Only one span of the listing below is wanted: the lines from the one with "Building Language: Oriel Window" through the one with "Usa & China Typographic Poster Exchange", reproduced exactly, both ends kept.

• _Listed records_
........

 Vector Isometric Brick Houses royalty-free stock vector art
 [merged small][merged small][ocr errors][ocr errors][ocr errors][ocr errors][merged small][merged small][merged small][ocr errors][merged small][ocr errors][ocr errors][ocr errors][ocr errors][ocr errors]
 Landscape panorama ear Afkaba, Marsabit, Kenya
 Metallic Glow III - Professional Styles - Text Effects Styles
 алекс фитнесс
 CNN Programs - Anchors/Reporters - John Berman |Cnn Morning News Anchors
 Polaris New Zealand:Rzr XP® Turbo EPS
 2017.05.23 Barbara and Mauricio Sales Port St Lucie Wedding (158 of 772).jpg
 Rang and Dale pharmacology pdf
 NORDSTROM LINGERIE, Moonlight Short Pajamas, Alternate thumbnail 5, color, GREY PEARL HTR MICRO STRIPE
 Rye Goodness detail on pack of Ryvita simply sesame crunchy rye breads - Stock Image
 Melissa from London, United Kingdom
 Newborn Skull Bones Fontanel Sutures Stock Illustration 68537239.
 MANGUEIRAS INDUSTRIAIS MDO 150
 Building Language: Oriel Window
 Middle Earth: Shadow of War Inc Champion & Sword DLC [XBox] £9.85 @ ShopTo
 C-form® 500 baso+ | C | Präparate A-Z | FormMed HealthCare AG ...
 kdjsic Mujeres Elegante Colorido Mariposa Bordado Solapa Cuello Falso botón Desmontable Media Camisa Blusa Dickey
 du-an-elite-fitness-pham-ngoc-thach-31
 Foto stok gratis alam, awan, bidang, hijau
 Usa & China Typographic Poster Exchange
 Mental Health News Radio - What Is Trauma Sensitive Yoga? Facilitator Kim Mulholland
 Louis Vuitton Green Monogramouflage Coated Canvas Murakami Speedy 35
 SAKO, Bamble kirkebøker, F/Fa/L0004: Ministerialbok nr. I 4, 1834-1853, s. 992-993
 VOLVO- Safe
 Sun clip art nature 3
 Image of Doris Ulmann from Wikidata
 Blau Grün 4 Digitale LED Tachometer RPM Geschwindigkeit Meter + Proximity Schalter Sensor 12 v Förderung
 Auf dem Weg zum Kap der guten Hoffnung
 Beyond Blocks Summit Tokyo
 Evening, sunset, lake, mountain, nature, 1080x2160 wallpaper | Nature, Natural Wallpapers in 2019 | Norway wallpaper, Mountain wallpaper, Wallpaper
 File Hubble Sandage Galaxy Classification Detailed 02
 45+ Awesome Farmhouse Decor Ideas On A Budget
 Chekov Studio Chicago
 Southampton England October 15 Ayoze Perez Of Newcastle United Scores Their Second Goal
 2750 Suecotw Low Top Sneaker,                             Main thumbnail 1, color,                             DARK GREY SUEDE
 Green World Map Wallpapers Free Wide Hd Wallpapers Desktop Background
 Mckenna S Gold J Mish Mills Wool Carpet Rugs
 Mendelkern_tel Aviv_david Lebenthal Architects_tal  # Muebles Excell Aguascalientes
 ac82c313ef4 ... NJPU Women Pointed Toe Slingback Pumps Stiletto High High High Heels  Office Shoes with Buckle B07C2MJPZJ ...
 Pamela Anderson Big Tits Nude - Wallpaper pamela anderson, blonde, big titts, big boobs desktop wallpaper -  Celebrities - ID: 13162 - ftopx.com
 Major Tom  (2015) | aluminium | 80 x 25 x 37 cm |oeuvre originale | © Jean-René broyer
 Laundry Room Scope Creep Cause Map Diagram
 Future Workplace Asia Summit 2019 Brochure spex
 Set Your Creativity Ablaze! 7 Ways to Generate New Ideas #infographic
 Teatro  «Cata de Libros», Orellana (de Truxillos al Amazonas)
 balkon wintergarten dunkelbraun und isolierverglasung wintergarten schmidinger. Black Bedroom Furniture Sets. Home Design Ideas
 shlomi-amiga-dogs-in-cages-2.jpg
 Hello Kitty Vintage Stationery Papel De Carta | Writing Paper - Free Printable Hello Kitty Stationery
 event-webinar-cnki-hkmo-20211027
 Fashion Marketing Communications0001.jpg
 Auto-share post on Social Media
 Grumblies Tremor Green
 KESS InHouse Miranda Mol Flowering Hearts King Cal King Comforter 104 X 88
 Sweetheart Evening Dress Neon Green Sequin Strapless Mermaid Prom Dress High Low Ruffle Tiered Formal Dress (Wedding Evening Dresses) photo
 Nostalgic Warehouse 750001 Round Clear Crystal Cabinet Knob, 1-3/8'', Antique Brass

........

• _Result of this exercise_
 Building Language: Oriel Window
 Middle Earth: Shadow of War Inc Champion & Sword DLC [XBox] £9.85 @ ShopTo
 C-form® 500 baso+ | C | Präparate A-Z | FormMed HealthCare AG ...
 kdjsic Mujeres Elegante Colorido Mariposa Bordado Solapa Cuello Falso botón Desmontable Media Camisa Blusa Dickey
 du-an-elite-fitness-pham-ngoc-thach-31
 Foto stok gratis alam, awan, bidang, hijau
 Usa & China Typographic Poster Exchange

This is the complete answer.